The final paragraph about the dangers of cannabis is really quite pathetic and even if true is hardly a justification for imprisoning adults who make an informed decision to use cannabis, let alone children or ill people who should be protected by the law rather than treated as criminals. This shows an authoritarian streak in this government totally at odds with its public claims – the true face behind the mask perhaps?
So anyway where does all this leave UK law?
We have an exception to a law here based not on country of origin, but on this somewhat nebulous concept of “place of residence”. It’s unclear how that is defined, if indeed it is defined in any formal way. However, it’s not based on nationality so a UK citizen living in Holland can import cannabis here and apparently be immune from prosecution but a Dutch person living here couldn’t. It will be interesting to see how this stands up in law if or when it eventually gets challenged.
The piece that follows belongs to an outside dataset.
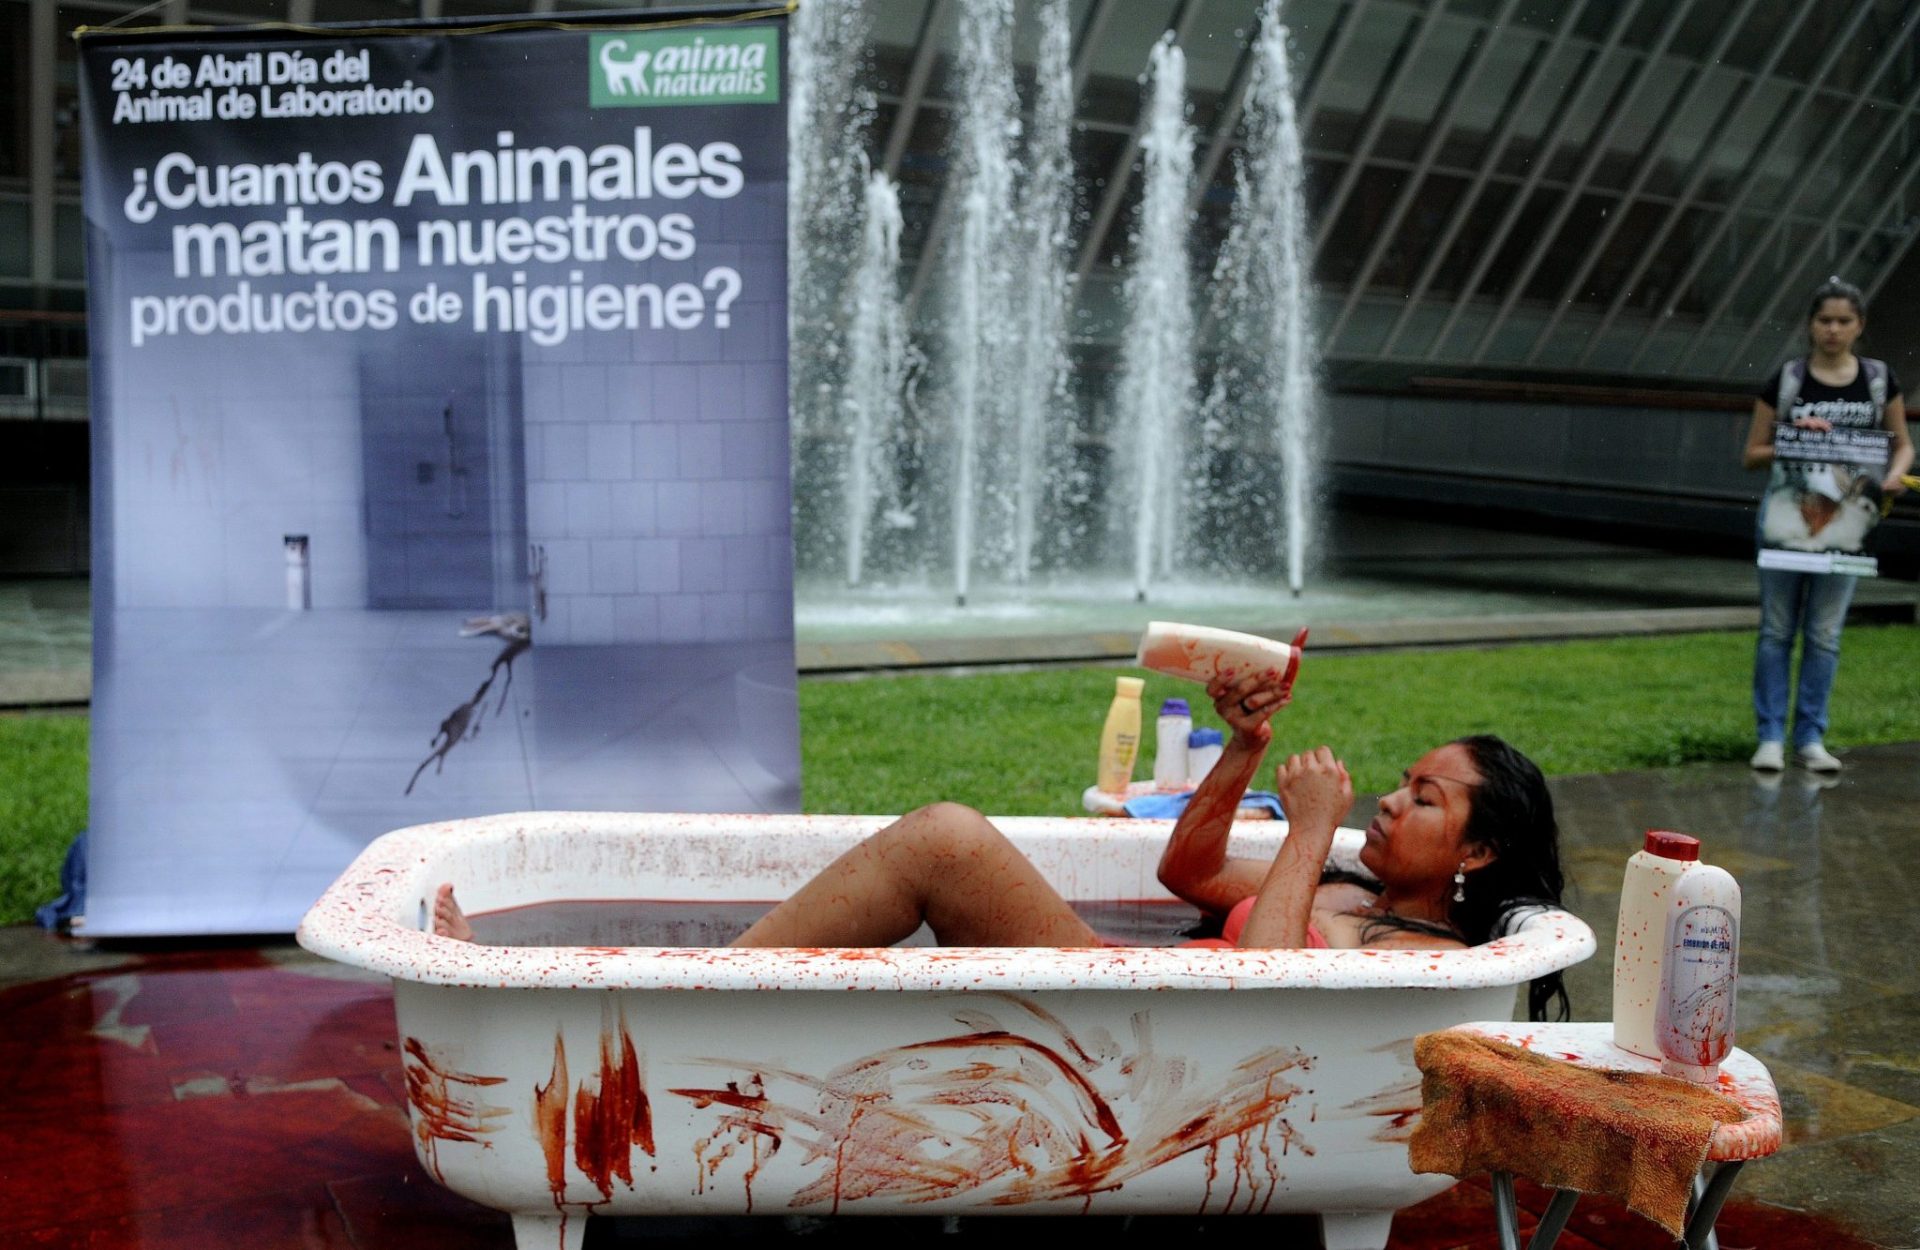  Una activista de la organización Animanaturalis protesta  en el Parque de las Luces de Medellín (Colombia), simulando bañarse en sangre para denunciar el uso de animales en la experimentación científica, en el marco del día del animal de laboratorio. EFE/LUIS EDUARDO NORIEGA
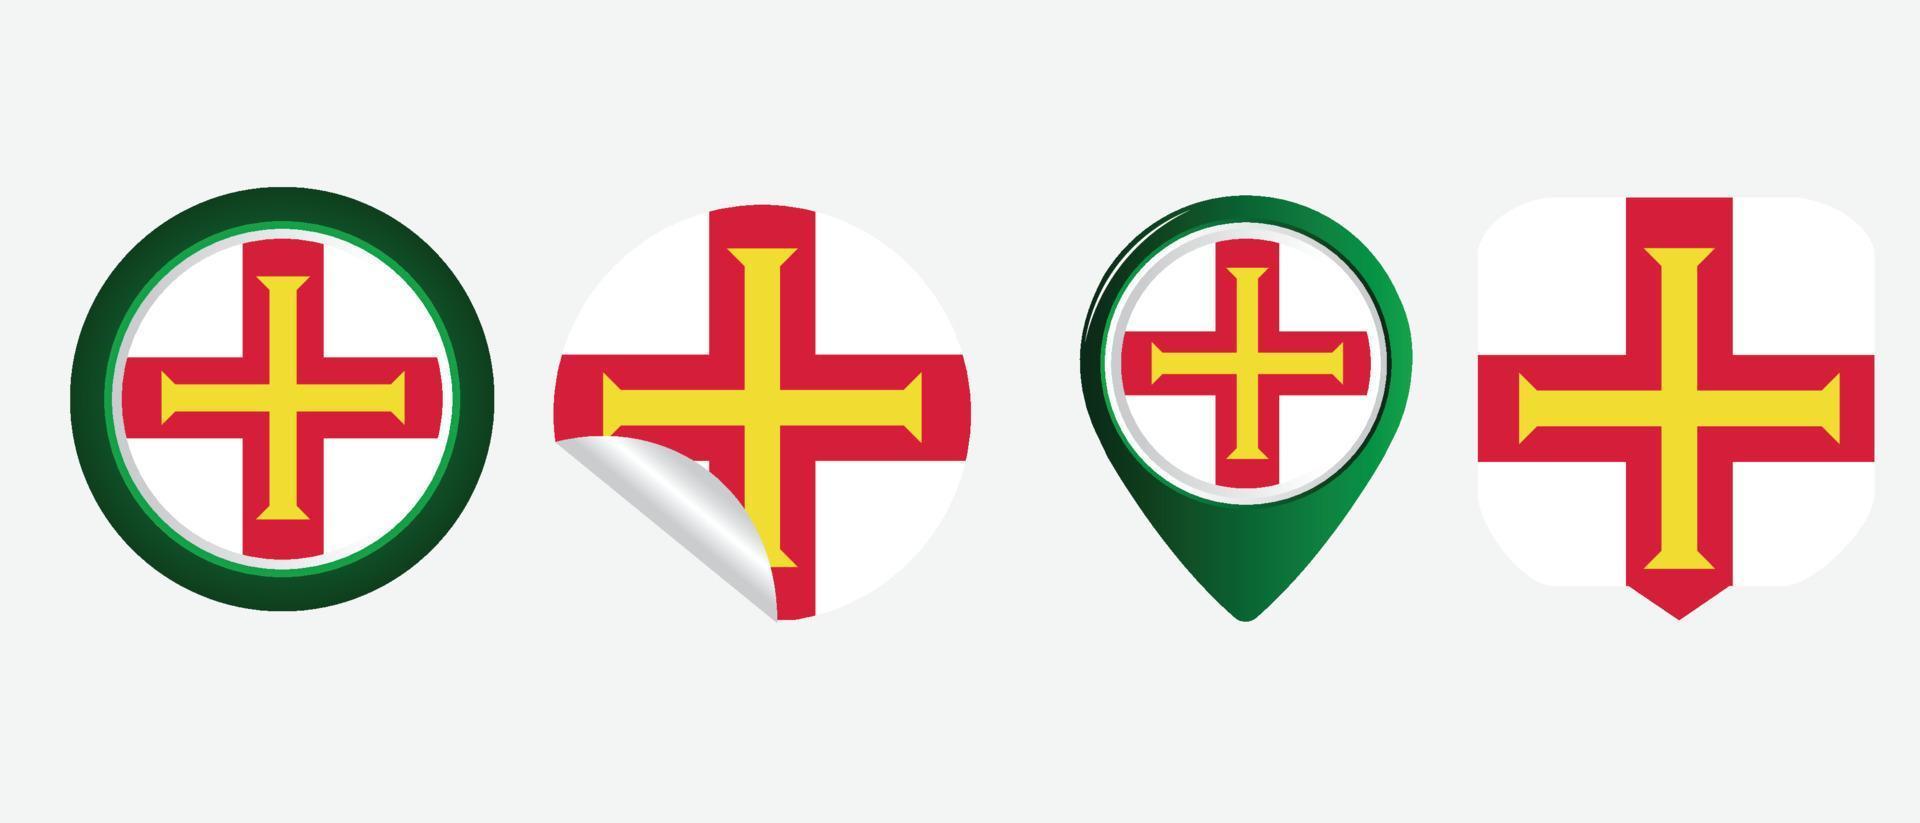 bandiera di Guernsey. icona piatta simbolo illustrazione vettoriale

Cannabis in all its forms is still a schedule 1 drug, which means it has no medical use. It’s interesting because Sativex, as James Brokensire states, has been granted a licence and doctors are able to prescribe it. However, it is still a schedule 1 drug and whilst doctors can prescribe it, it is unclear if pharmacies can legally dispense it or indeed if users can legally posses it.
The government had – and maybe still has – plans to introduce Sativex as a way to defuse the medical cannabis issue. They had hoped to be able to licence Sativex as something distinct from cannabis and that thinking is clear in James Brookenshire’s comments. However, things haven’t gone as planned and Sativex is still scehedule 1 as a result. The idea was to move Sativex into class 2 which would acknowledge its medical value, but this has not happened and although the Home Office is keeping very tight lipped the reason is pretty obvious; Sativex is pharmacologically identical to cannabis because it is cannabis – albeit a blend of two strains and refined down to a substance similar to what is sold on the street as “oil”, which is recognised as a form of cannabis under the law (see here). The UK drug laws simply cover the drugs and can’t make an exception for a specific brand name. Sadly for the government, if Sativex is moved to class 2 it will almost certainly mean cannabis will have to be as well. Watch this space to see what happens.
One other fly in the ointment is that under section 8 of the Misuse of Drugs Act it is illegal for anyone to allow the use of cannabis in any establishment or property they own or manage. There is no exception to that so presumably it would not be legal to allow this legally imported cannabis – or come to that Sativex – to actually be used anywhere? As far as UKCIA can tell nothing has been done about this yet either, and there doesn’t seem to be any plans to do anything.
The UK drug law as it applies to cannabis is coming under a lot of pressure and yet this government are desperate to keep their hard line prohibition policy intact whatever the evidence and whatever the harm they cause. It really is quite pathetic.